Men's time trial
- Time trial Rainbow jersey

Race details
- Dates: 19 September 2021
- Distance: 43.3 km (26.91 mi)
- Winning time: 47' 47.83"

Medalists
- Gold / Filippo Ganna (ITA)
- Silver / Wout van Aert (BEL)
- Bronze / Remco Evenepoel (BEL)

= 2021 UCI Road World Championships – Men's time trial =

Cycling event

The Men's time trial of the 2021 UCI Road World Championships was a cycling event that took place on 19 September 2021 in Flanders, Belgium.
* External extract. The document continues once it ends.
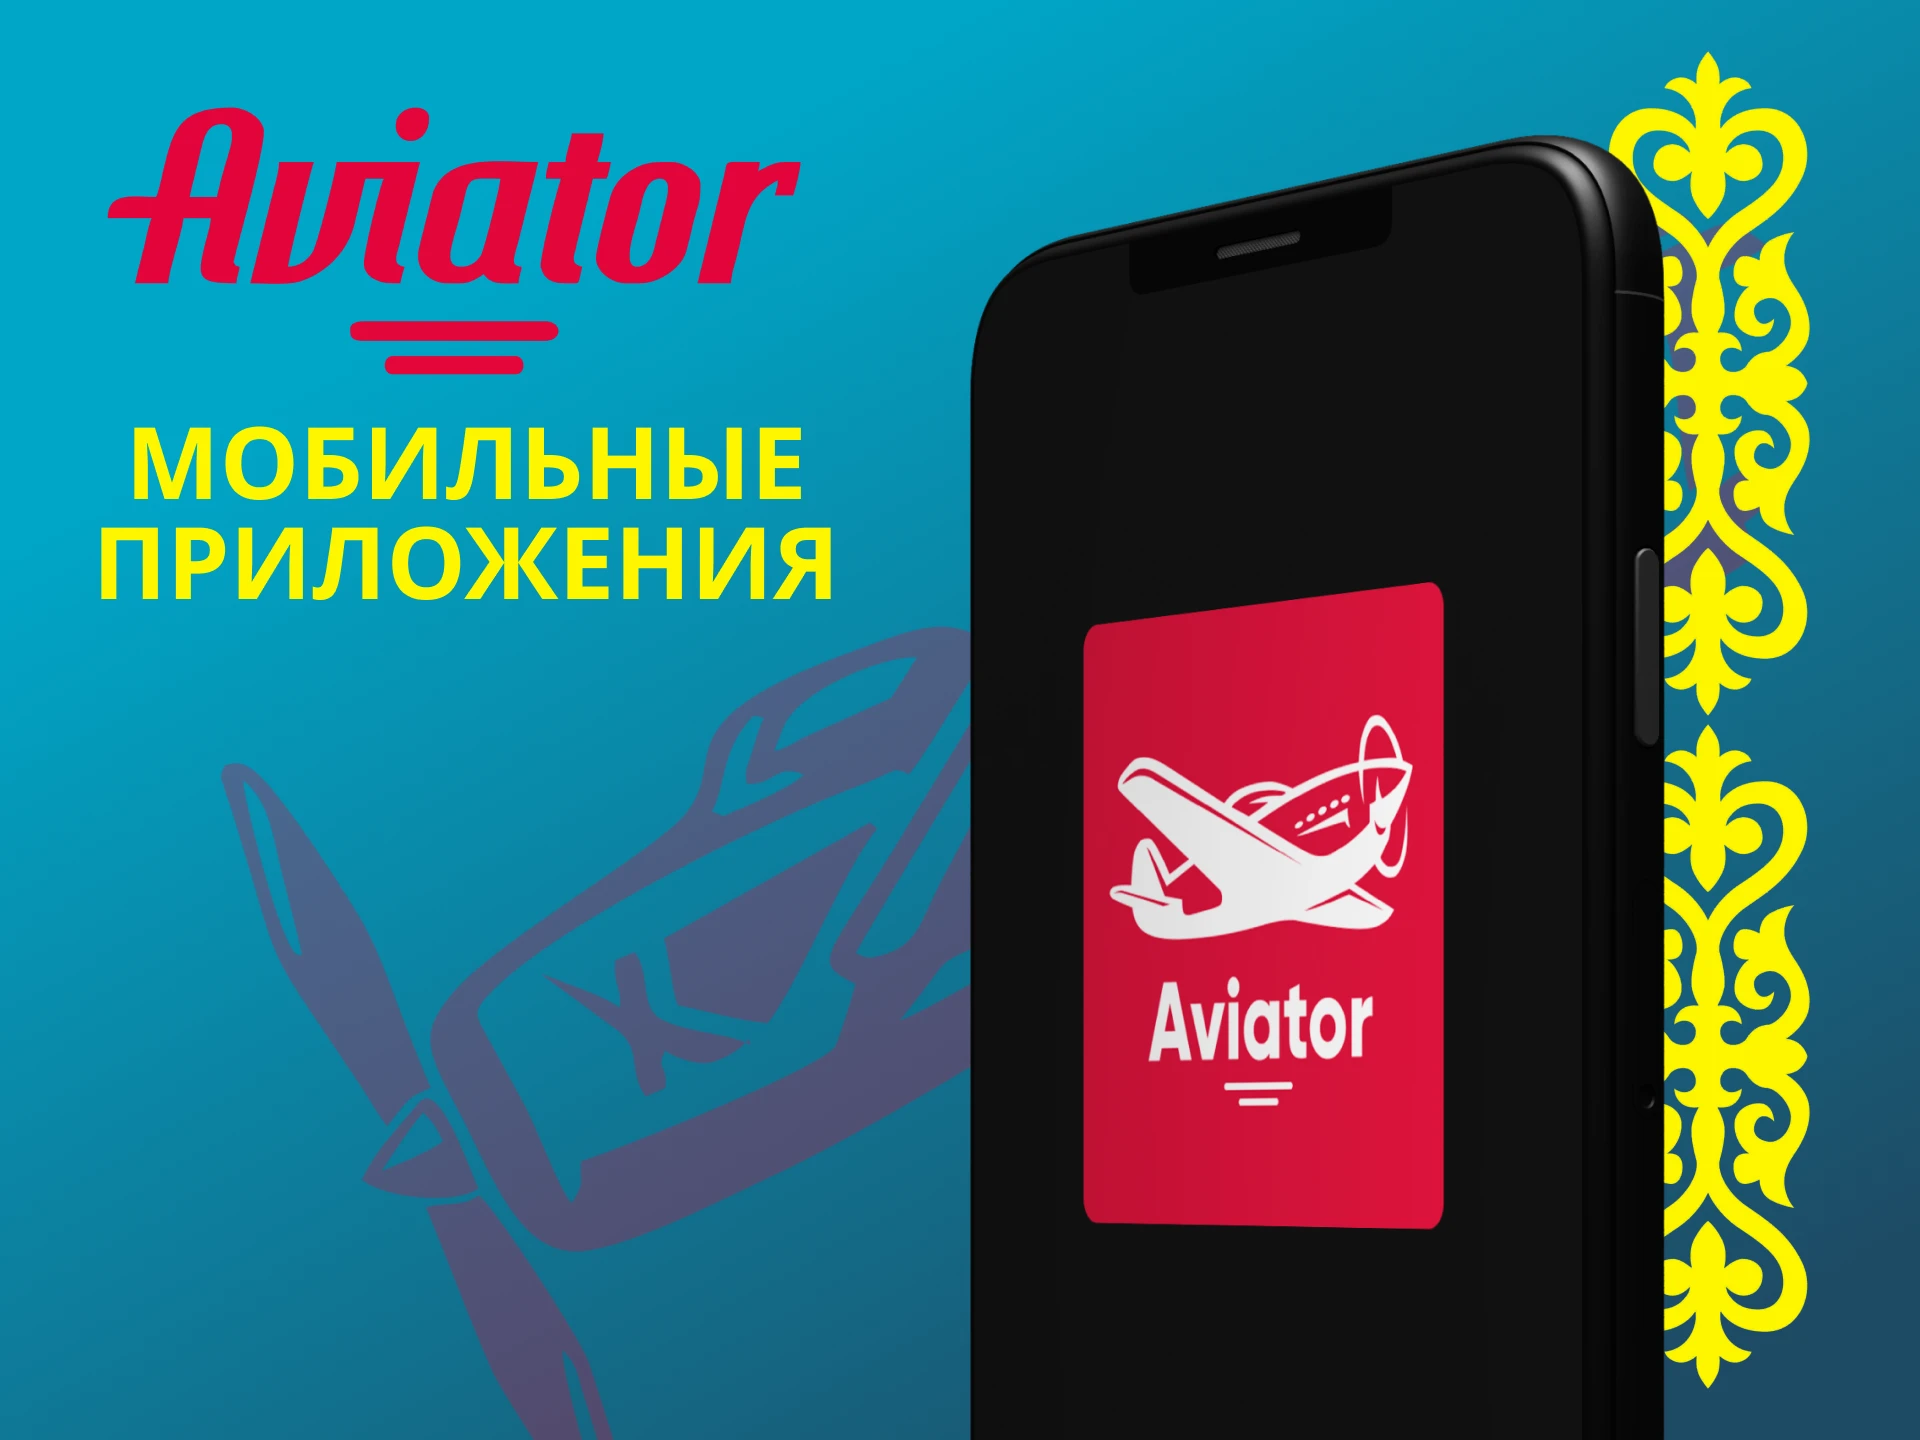 Играть в Авиатор можно через приложения на телефоне.
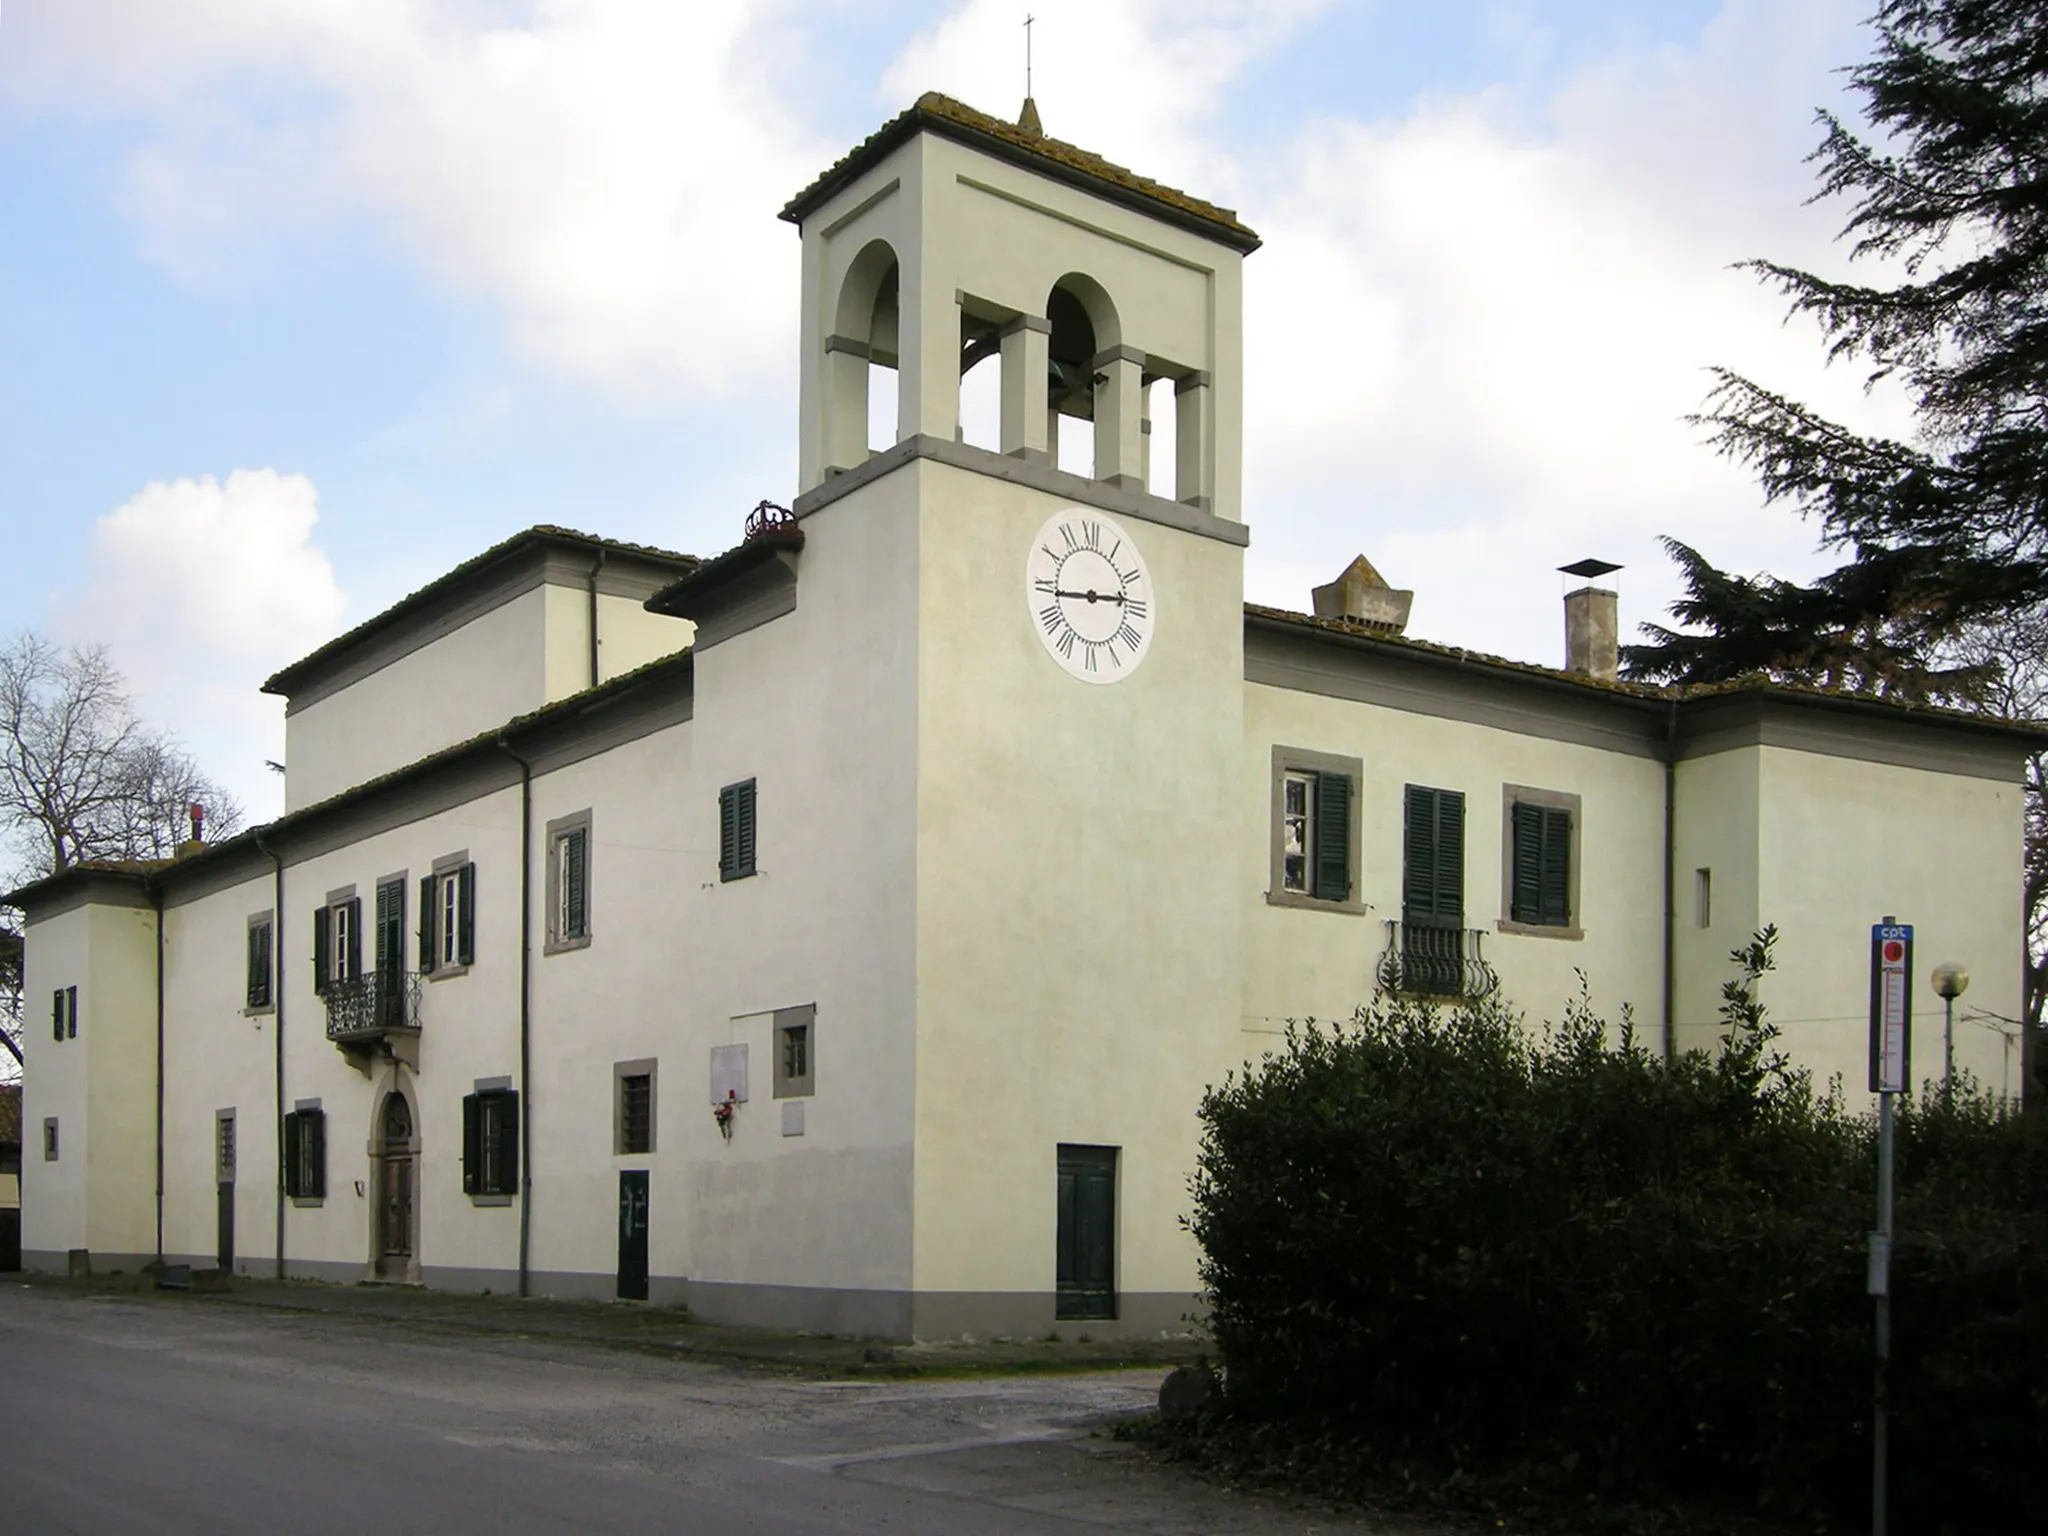 Photo showing: Villa di coltano

It was the 28th edition of the championship, for which Filippo Ganna of Italy is the defending champion, having won in 2020. Ganna retained his title after beating Belgian riders Wout van Aert and Remco Evenepoel.

==Participating nations==
58 cyclists from 39 nations competed in the event. The number of cyclists per nation is shown in parentheses.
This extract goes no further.